■ Listed records:
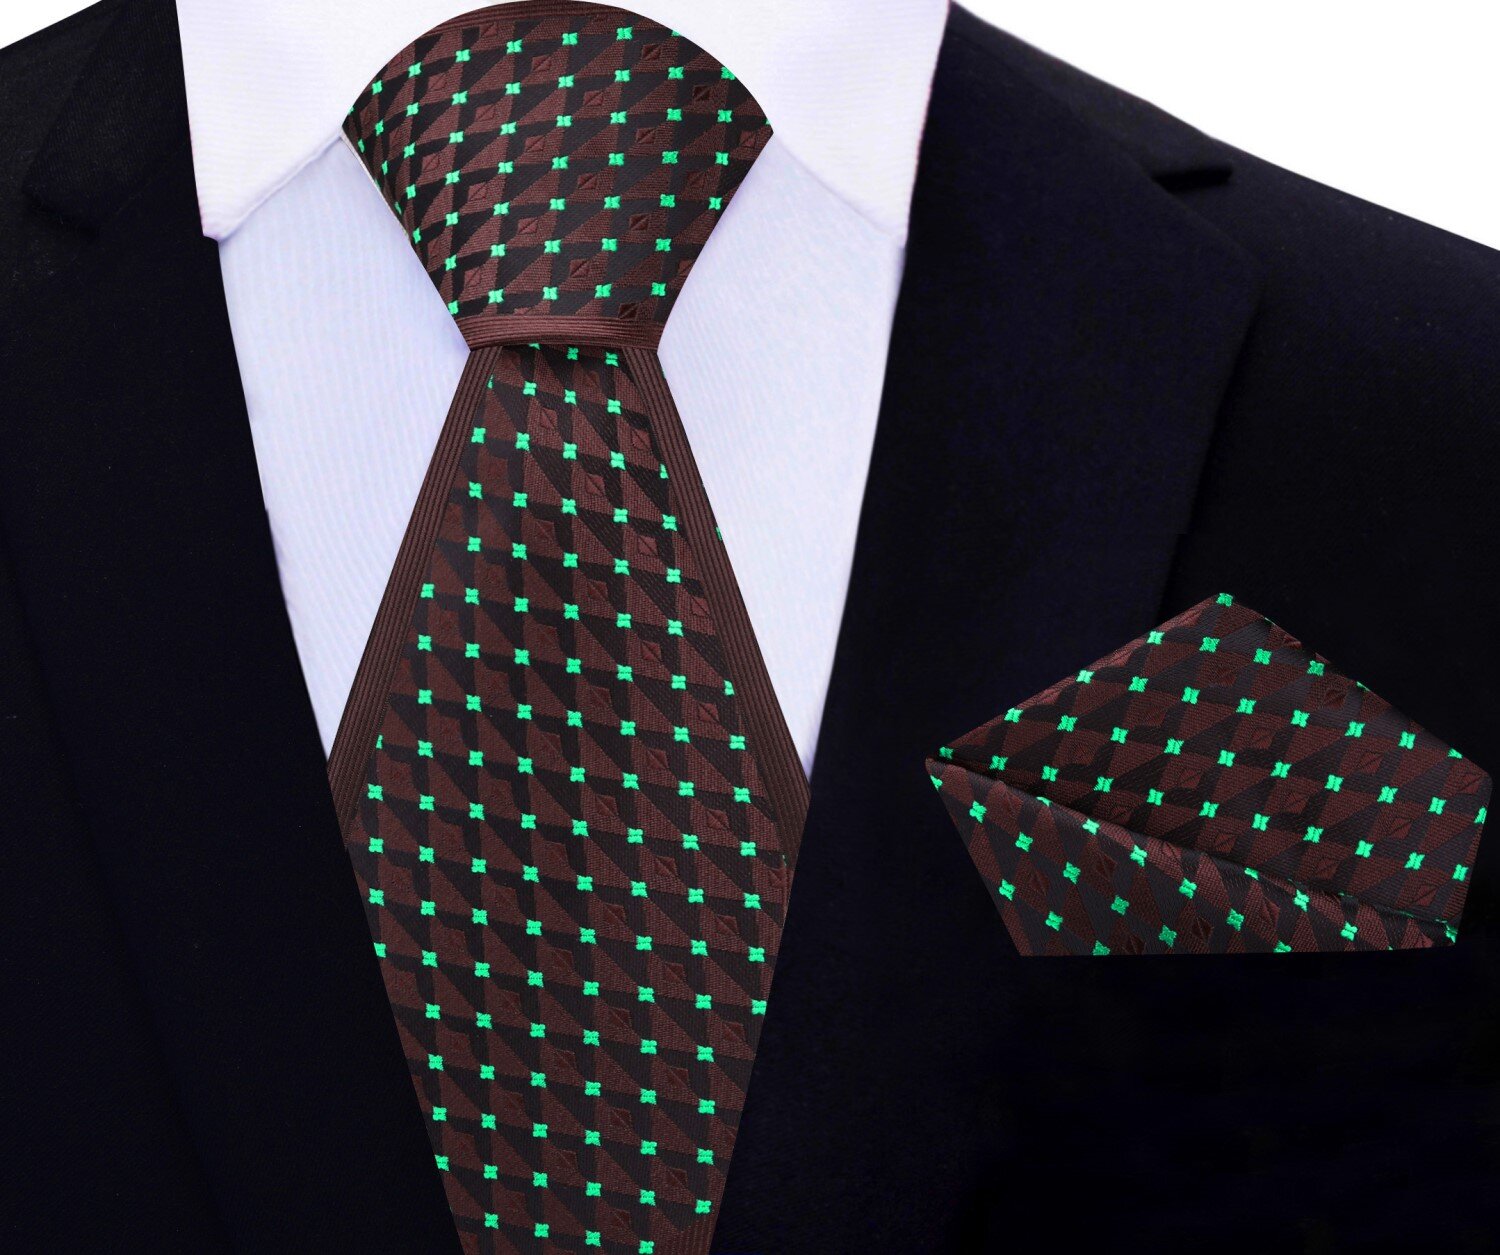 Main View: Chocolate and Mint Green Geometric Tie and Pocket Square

==

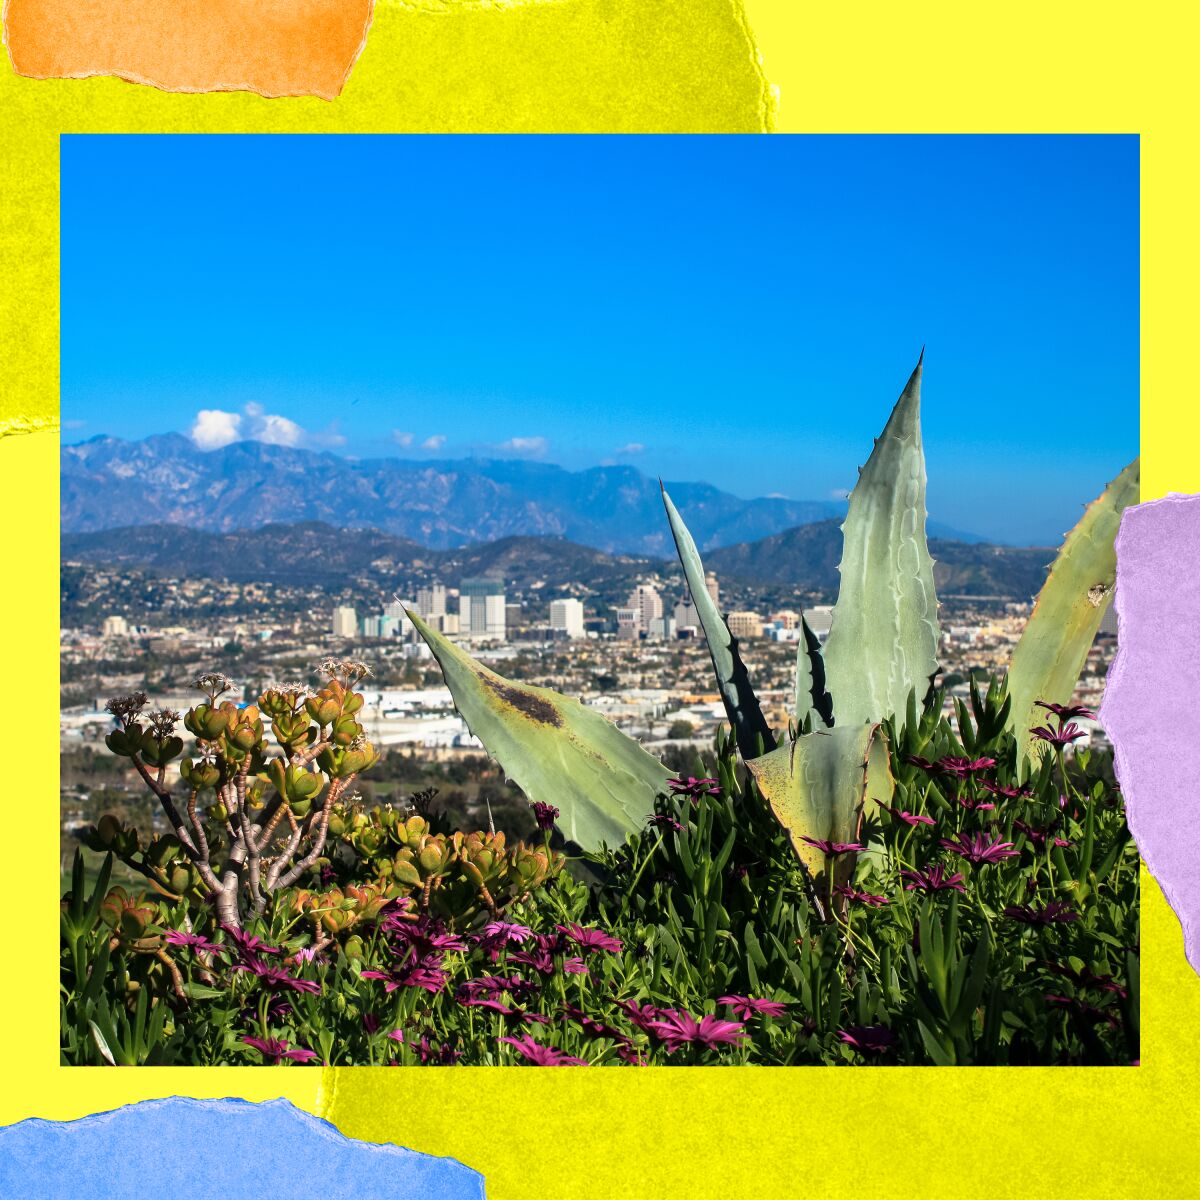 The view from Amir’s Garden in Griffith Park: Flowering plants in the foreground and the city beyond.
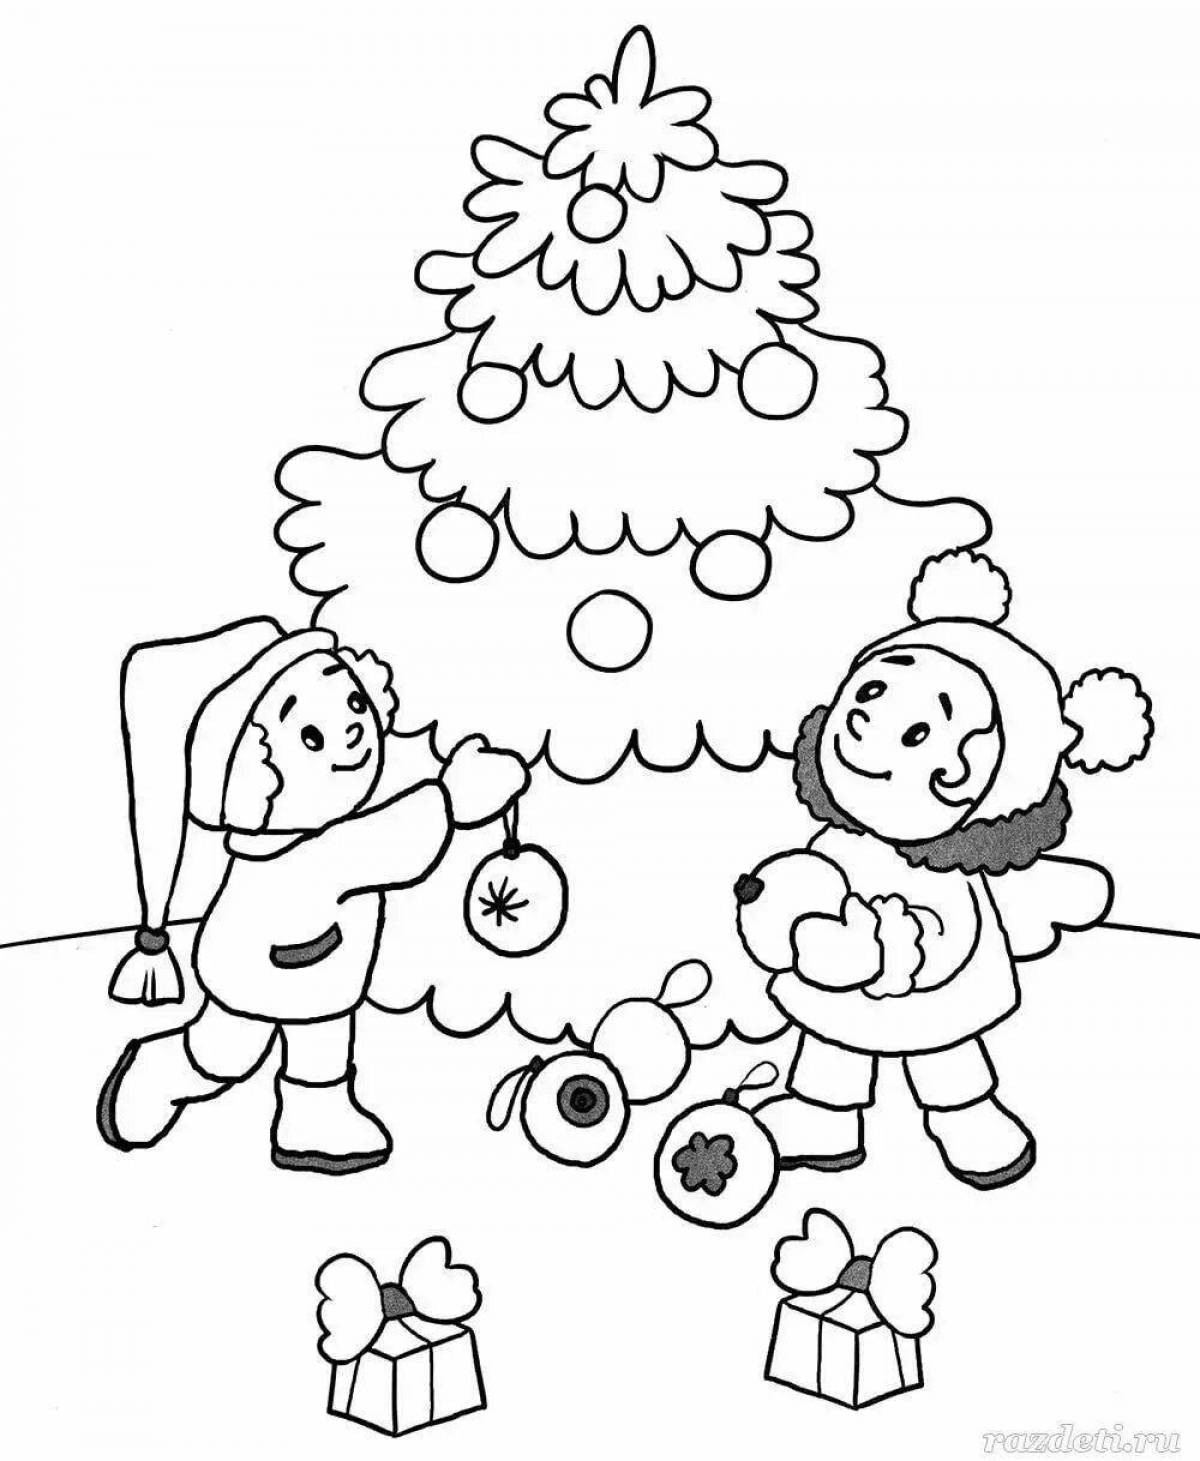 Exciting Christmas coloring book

---

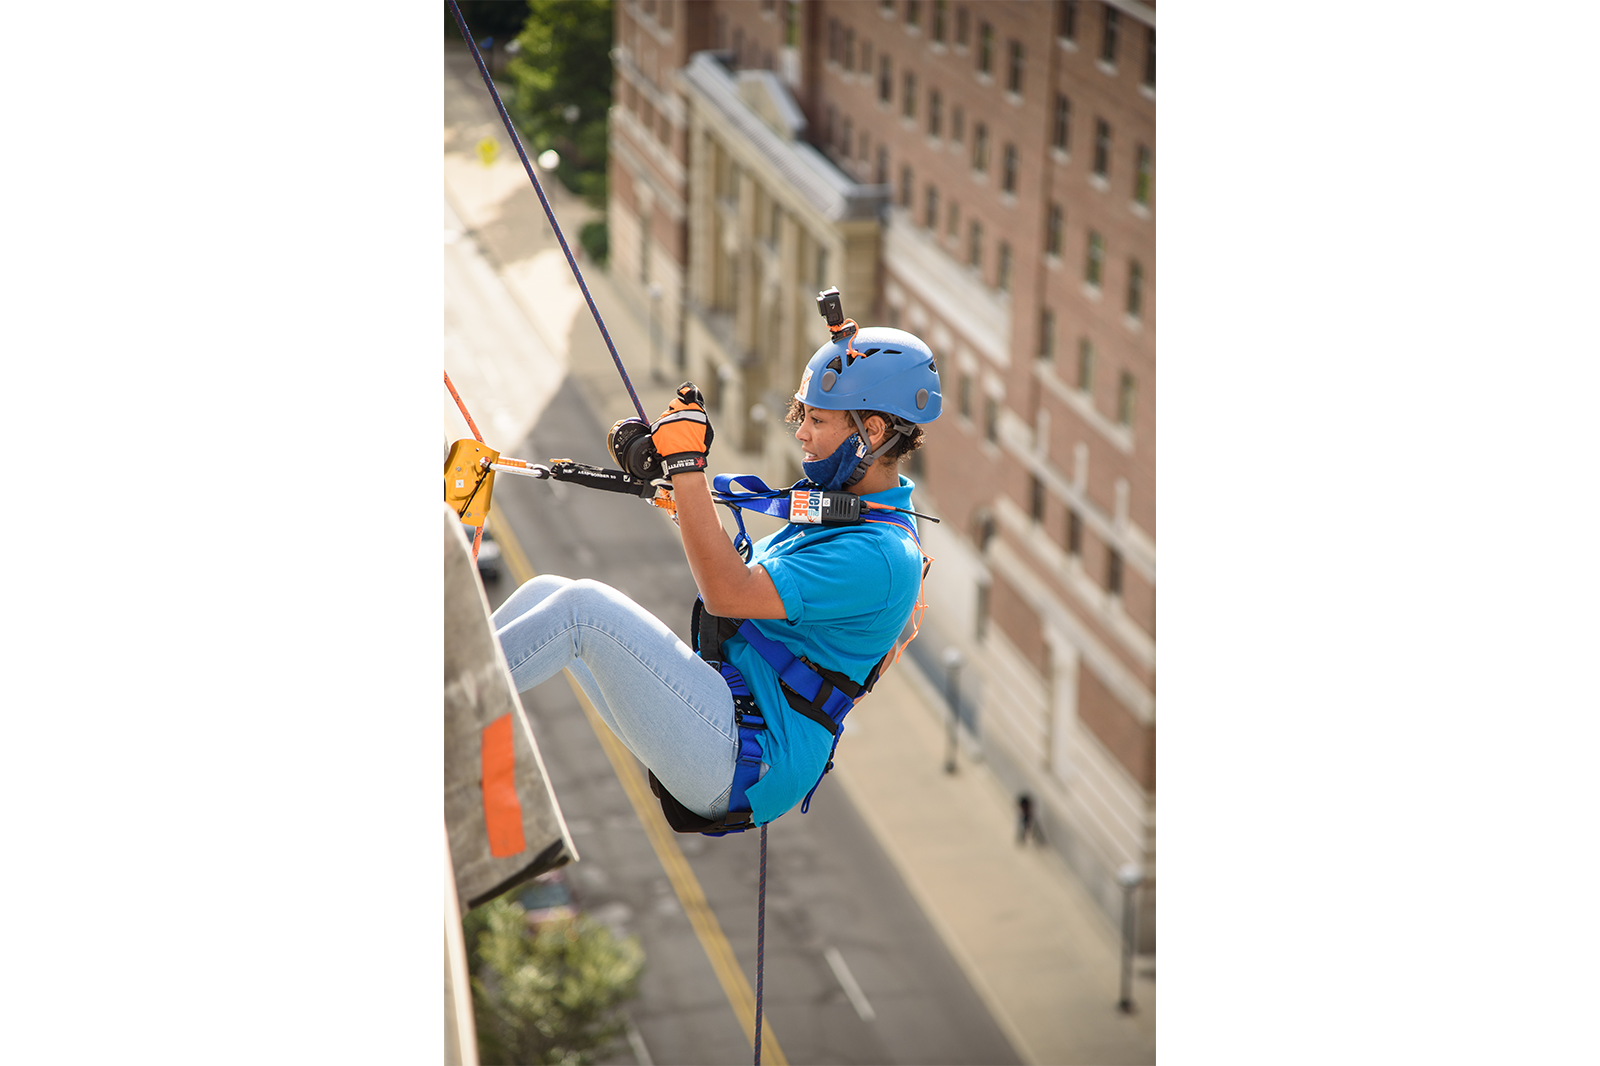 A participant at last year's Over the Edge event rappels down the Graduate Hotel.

■ Exercise objective:
Pictures excluded, reproduce only the part above that opens with the line holding "The view from" and closes with the line holding "Exciting Christmas coloring book", exactly as written.

■ Solved problem:
 The view from Amir’s Garden in Griffith Park: Flowering plants in the foreground and the city beyond.
 Exciting Christmas coloring book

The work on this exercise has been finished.